Depois de 20 anos, as redes, que foram propagadas como o espaço da “esperança” e do “compartilhamento de ideias” e da organização de uma ordem política internacional a partir da internet, foi abaixo: dominada por bots da extrema direita, o espaço digital foi transformado em poderosa ferramenta para eleger figuras da extrema direita e colocar em risco o Estado democrático de direito.
Tendo esse mundo em vista, eis a missão de Lana Wachowski: como reinserir dois personagens que haviam sacrificados suas respectivas vidas justamente para libertar as mentes do controle exercido por governos e publicidade?
O primeiro método escolhido por Lana e a metalinguagem: Neo retornou à Matrix e voltou a ser Anderson, que se torna um famoso criador de jogos, especialmente de uma trilogia chamada… Matrix.
Assim como Lana, Neo vive sobre pressão da produtora de games para que crie mais um capítulo, até que em determinado momento, ele é obrigado a construir um novo capítulo e é neste momento em que passa a vivenciar Déjà vu de seus momentos vividos fora da Matrix.
E é durante a criação do novo capítulo de Matrix, que Neo encontra Trinity (que na Matrix se chama Tiffany) em um café. Agora, ela é casada, tem dois filhos e é criadora de motos.
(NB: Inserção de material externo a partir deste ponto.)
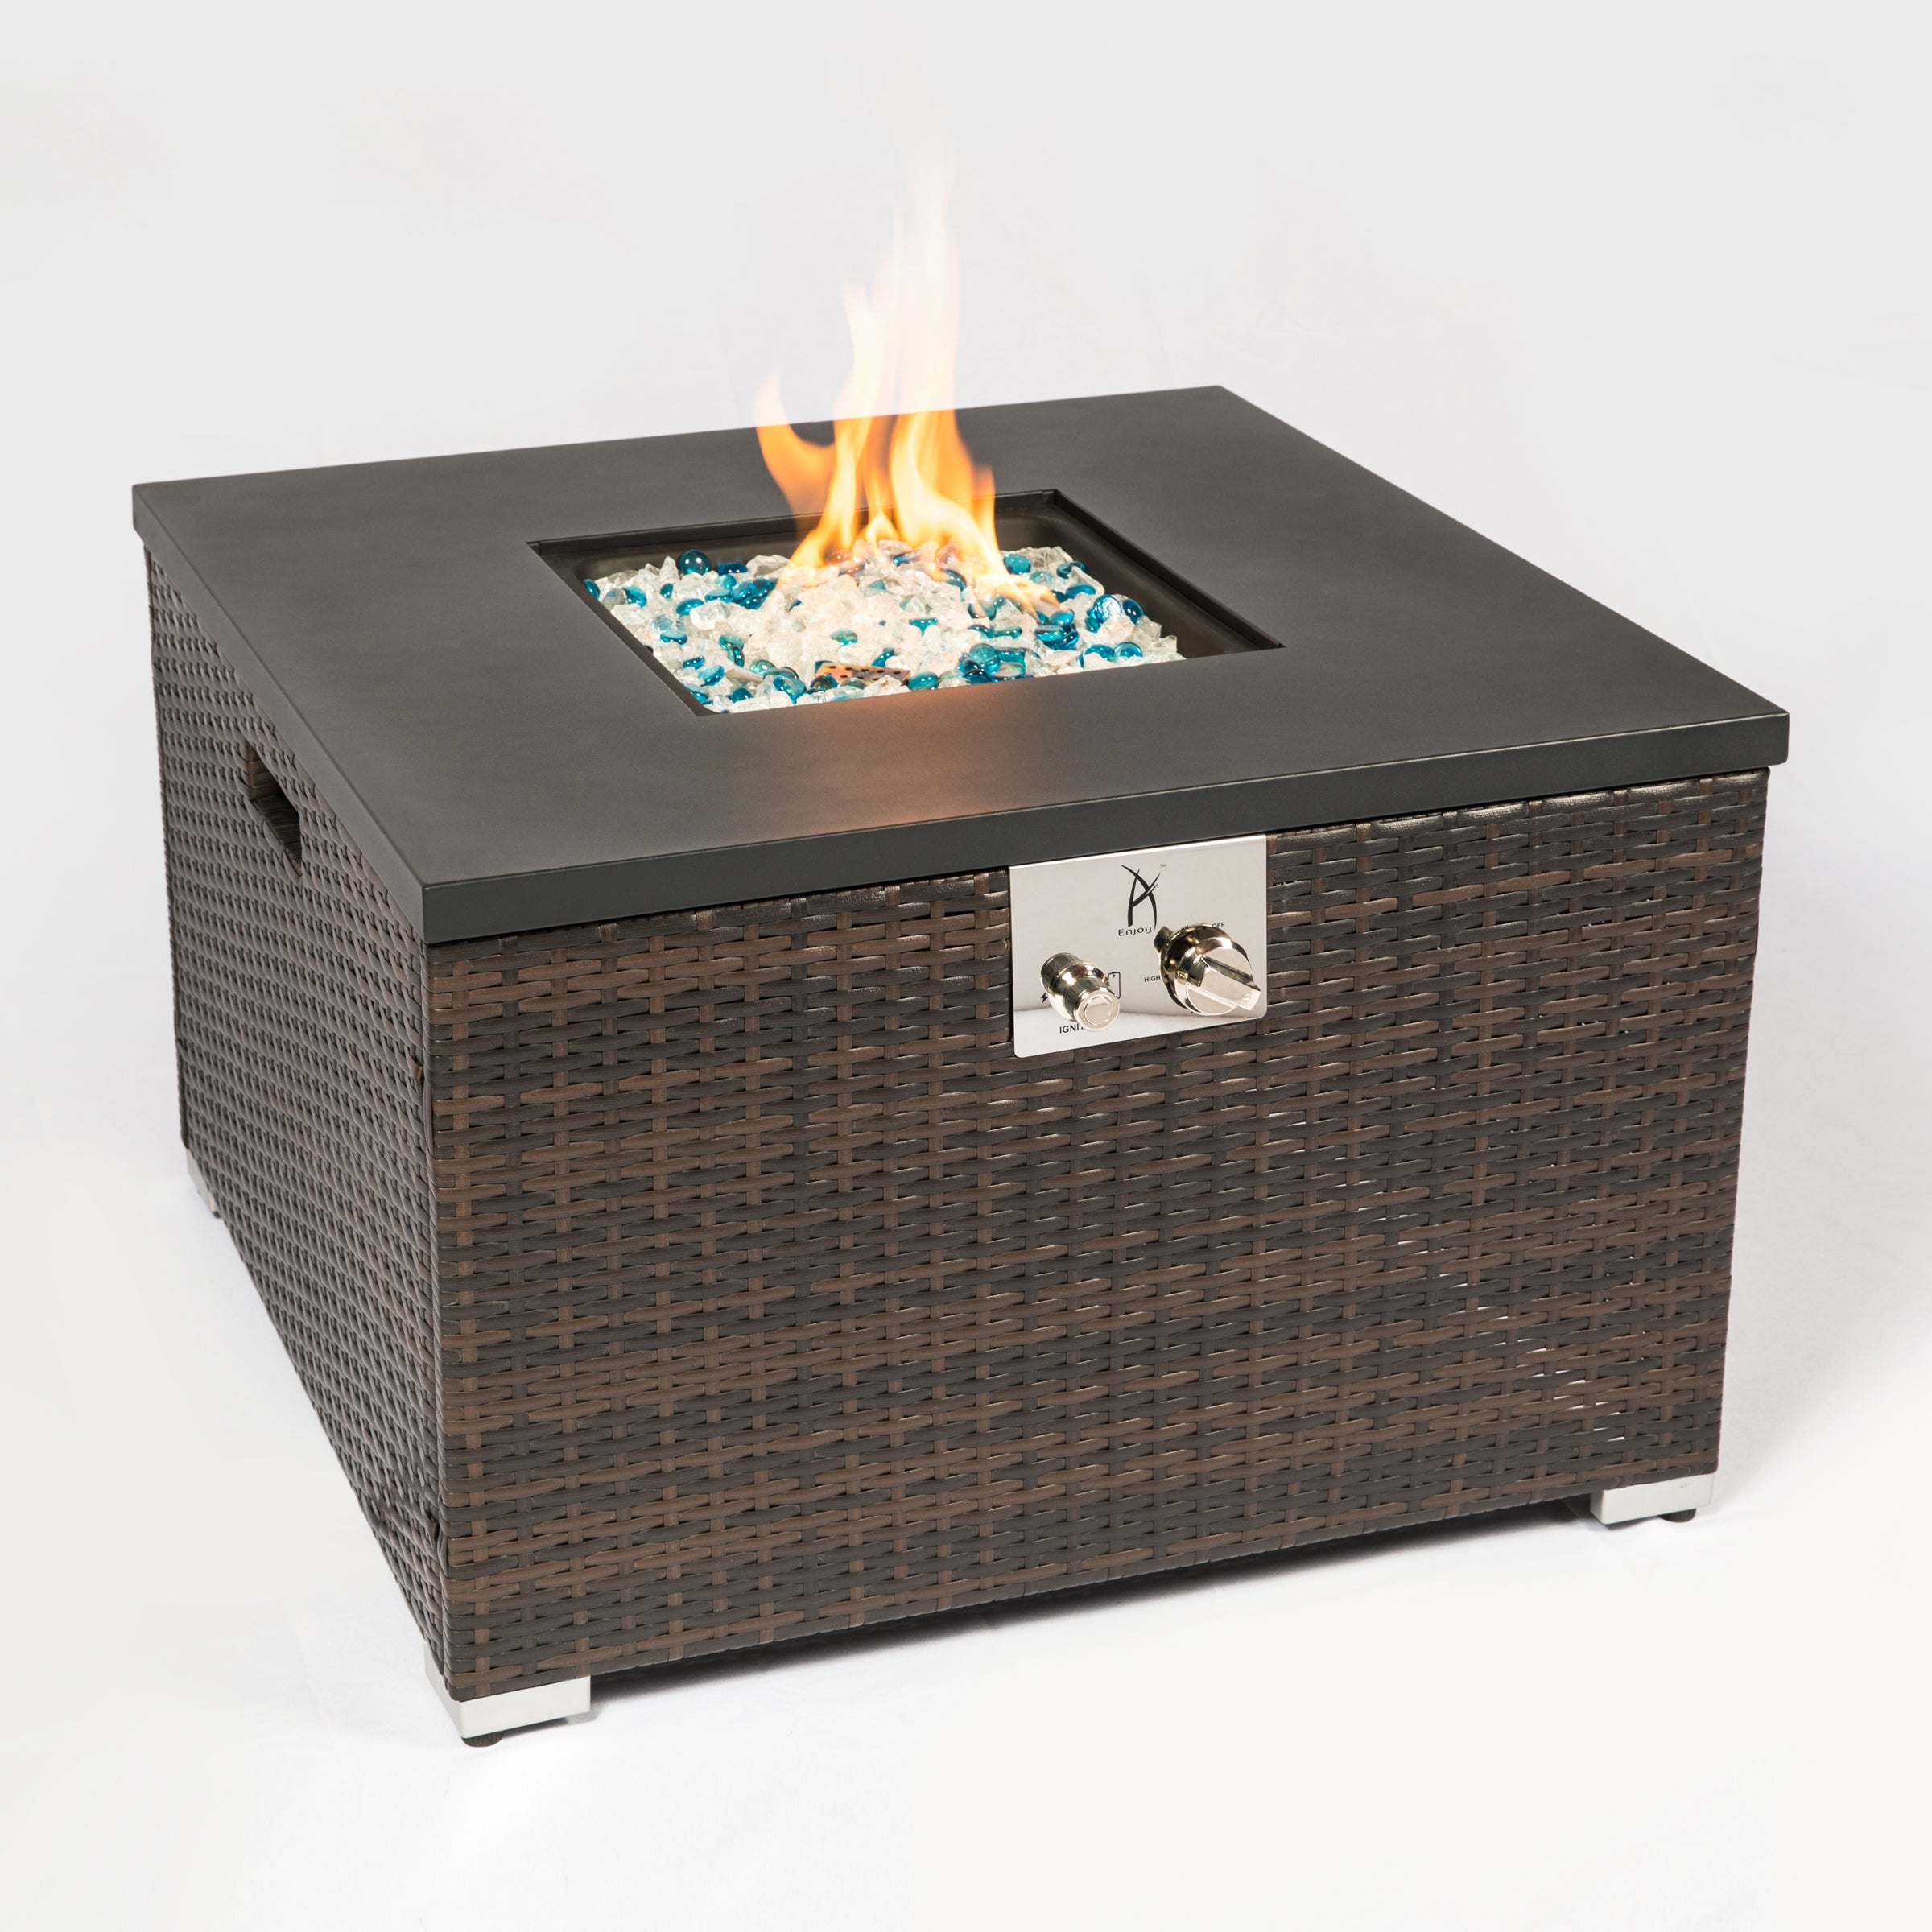 32" Outdoor Propane Gas Fire Pit Table with Tank Cover

Nova Matrix necessita de uma nova estética
É a partir do reencontro de Neo e Trinity na Matrix que Lana Wachowski inicia um denso trabalho de readequação estética do filme, pois, se a esfera digital é completamente outra coisa atualmente, era preciso então dar uma nova cara: se na primeira trilogia o cinza e o verde predominavam, agora estamos diante das luzes do sol, dessa maneira, Lana constrói um espetáculo visual neste novo capítulo.
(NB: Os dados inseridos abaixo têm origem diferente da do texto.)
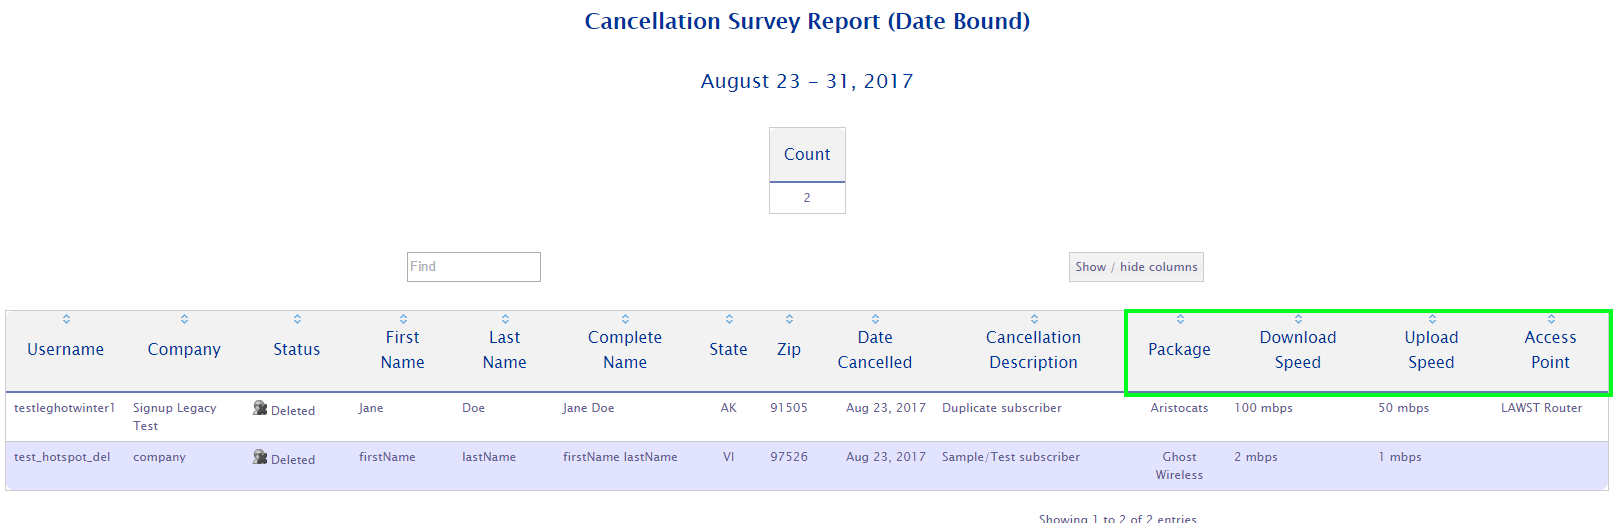 New Deleted Subscriber Data Columns added to Monthly Cancellation Report

Dialogando com cenas da primeira trilogia justamente tratar dessa passagem temporal, o roteiro também recorre a inúmeras referências teóricas e literárias para tratar da vida, do real, mas também do dilema de Albert Camus sobre: até que ponto vale viver a vida dentro de uma rotina interminável? E em que momento decidimos que é isso a vida? Esse é o dilema de Neo e Trinity.
Ambos vivem de encontros diários com terapeutas, psiquiatras e receitas para tomar cotidianamente a pílula azul, para viverem entorpecidos na realidade da Matrix.
Neo e Trinity contra os bots da extrema direita
Além de inserir a história de sua trama no universo gamer, Lana também entendeu que hoje a batalha política, por Justiça e Direitos Humanos se dá de variadas maneiras dentro das redes sociais e é aqui que o filme consegue abrir diálogo direto com aqueles que nasceram entre 1999 e 2003, quando Matrix era um culto e dava adeus aos cinemas.
Dessa maneira, Trinity e Neo são ressuscitados para combater os bots da extrema direita, mas, diferentemente da primeira trilogia, dessa vez a luta do casal não será construída a base de tiros e bombas, mas sim a partir da amizade, do amor e da esperança.
Alguns podem considerar tal opção piegas, mas diante do caos – e Trinity e Neo querem combater o caos – e de líderes que pregam o armamento massivo, Lana Wachowski percebeu que a Matrix se recriou ainda mais sofisticada nos mecanismos de controle e que dessa vez, pior do que nas outras, colocou os regimes democráticos em vias de extinção.
Por fim, Matrix Ressurections não é um filme de respostas, é uma ponta trazer Neo e Trinity, mas que conseguiu ir além do seu público fiel e abrir portas de diálogo com a atual geração e deixa pistas para novos capítulos da saga… a Warner já disse: se Lana quiser, pode fazer um quinto filme. Resta aguardar e esperar, e no caso de alguns, torcer.